A code intelligence tool built with Hyperdimensional Computing (HDC). It indexes function signatures, type definitions, and imports from your codebase and provides semantic search, cross-file references, impact analysis, change detection, and functional clustering — all locally, with no network calls or GPU.

Examples

Quick start — one-shot query (no daemon):

$ opty oneshot "authentication error handling" --dir ~/projects/myapp
# indexed 1,247 units across 89 files
functions[5]{name,signature,file,line}:
handleAuthError,pub fn handleAuthError(err: AuthError) !Response {,src/auth.zig,156
validateTokenOrFail,fn validateTokenOrFail(token: []const u8) !User {,src/auth.zig,203
logAuthFailure,fn logAuthFailure(reason: []const u8, ip: []const u8) void {,src/logging.zig,78

Start daemon for instant queries:

$ opty daemon ~/projects/myapp &
opty daemon on http://127.0.0.1:7390

$ opty query "HTTP route handlers"
functions[8]{name,signature,file,line}:
handleGetUser,pub fn handleGetUser(req: *Request, res: *Response) !void {,src/routes/users.zig,12
handleCreatePost,pub fn handleCreatePost(req: *Request, res: *Response) !void {,src/routes/posts.zig,45
handleLogin,pub fn handleLogin(req: *Request, res: *Response) !void {,src/routes/auth.zig,23
...

$ opty query "database connection pooling"
functions[3]{name,signature,file,line}:
initPool,pub fn initPool(alloc: Allocator, config: PoolConfig) !Pool {,src/db/pool.zig,34
acquireConnection,pub fn acquireConnection(pool: *Pool) !*Connection {,src/db/pool.zig,67
releaseConnection,pub fn releaseConnection(pool: *Pool, conn: *Connection) void {,src/db/pool.zig,89

Global daemon — works across all projects:

$ opty global --port 7390 &

$ cd ~/projects/api-server
$ opty query "error types"        # auto-indexes api-server

$ cd ~/projects/frontend
$ opty query "React components"   # auto-indexes frontend

$ opty status
Project: /home/you/projects/api-server
  Files: 142  Units: 2,891  Memory: 3.6 MB
Project: /home/you/projects/frontend  
  Files: 203  Units: 4,127  Memory: 5.1 MB

Semantic search finds code by concept, not exact names:

# Find authentication logic without knowing function names
$ opty query "user login session management"
→ handleLogin, createSession, validateSession, refreshToken

# Discover error handling patterns
$ opty query "handle failures and errors"  
→ handleError, tryParseOrFail, logFailure, unwrapOrDefault

# Explore data structures
$ opty query "user data models"
→ User struct, UserProfile struct, UserSettings struct

When to use opty vs grep

opty and grep solve different problems. Use the right tool for the job:

Scenario	opty	grep
"How does indexing work?"	✅ Returns `scanAndIndex`, `IgnoreFilter`, `watchLoop`	❌ What would you grep for?
Find all uses of `alloc.free`	❌ Too syntactic	✅ `grep "alloc.free"`
"What types exist?"	✅ `opty_ast` gives every type with nesting	⚠️ `grep "pub const.*struct"` is brittle
Find where port 7390 is set	❌ HDC doesn't index literals	✅ `grep "7390"`
"What's the HTTP API surface?"	✅ Returns route handlers semantically	⚠️ `grep "router\."` works but misses context
Rename a variable	❌ Wrong tool entirely	✅ grep to find, edit to replace

Rule of thumb: opty for understanding, grep for locating, view for reading, edit for changing.

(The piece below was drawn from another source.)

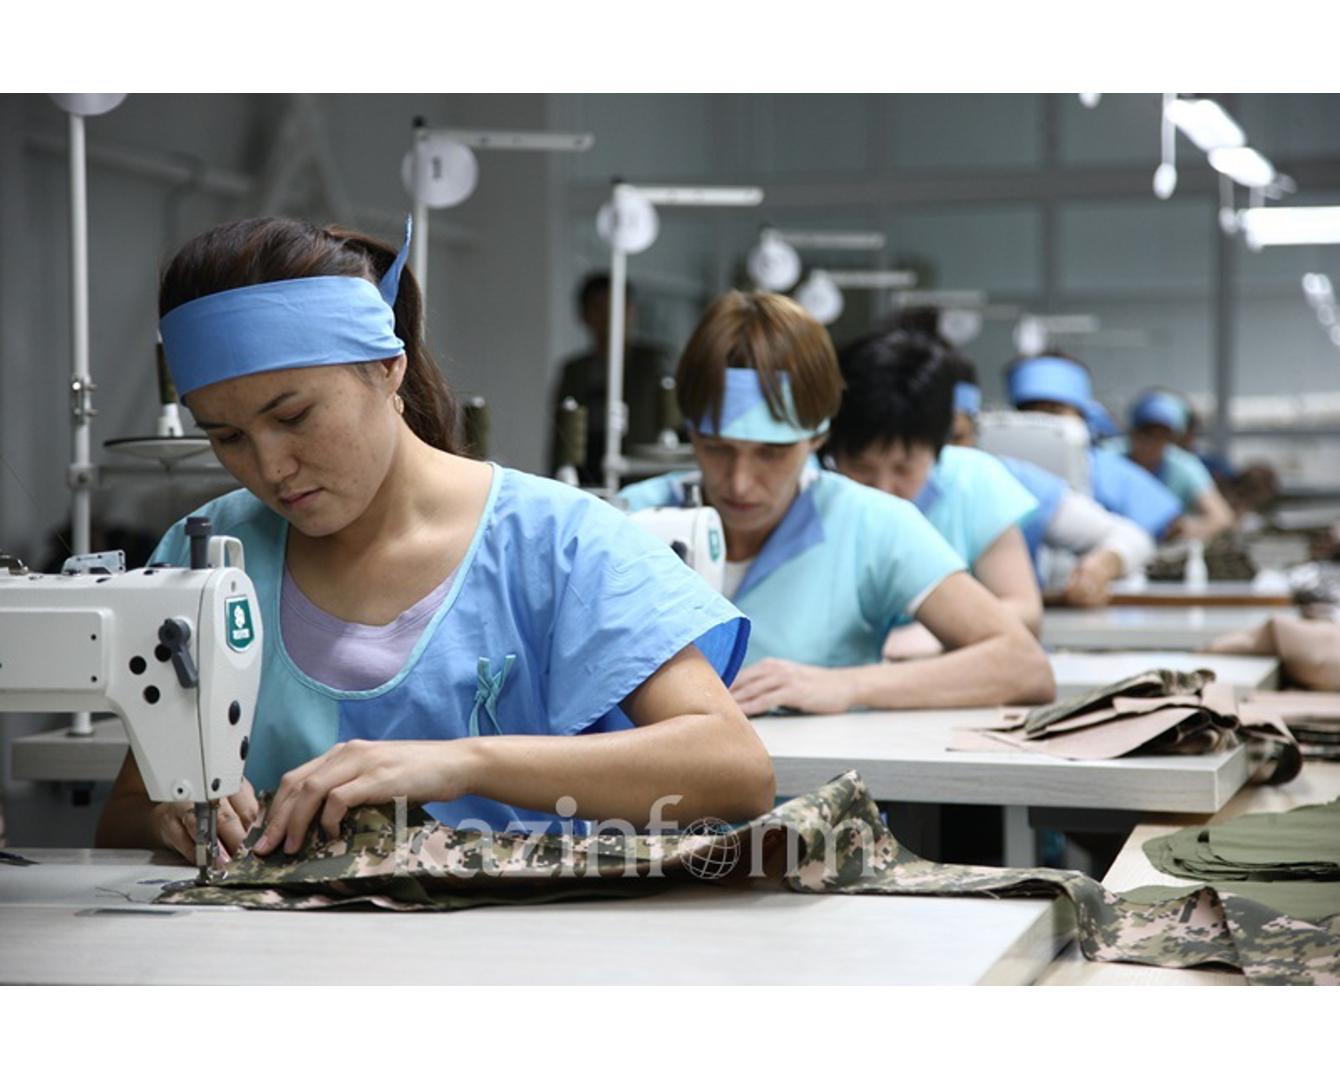 Казахстанский консорциум предприятий легкой промышленности пополнился 13 компаниями

opty answers conceptual questions — "what handles authentication?", "show me the error handling patterns", "what's the project structure?" — where you don't know the exact symbol names. It returns results across multiple files from a single natural language query.
grep finds exact text — specific strings, regex patterns, symbol references, configuration values. It's the right tool when you know what you're looking for.
opty_ast gives the full structural skeleton of a project or file (all functions, types, imports, fields, variables with nesting depth) in one call — useful for orientation before diving into code.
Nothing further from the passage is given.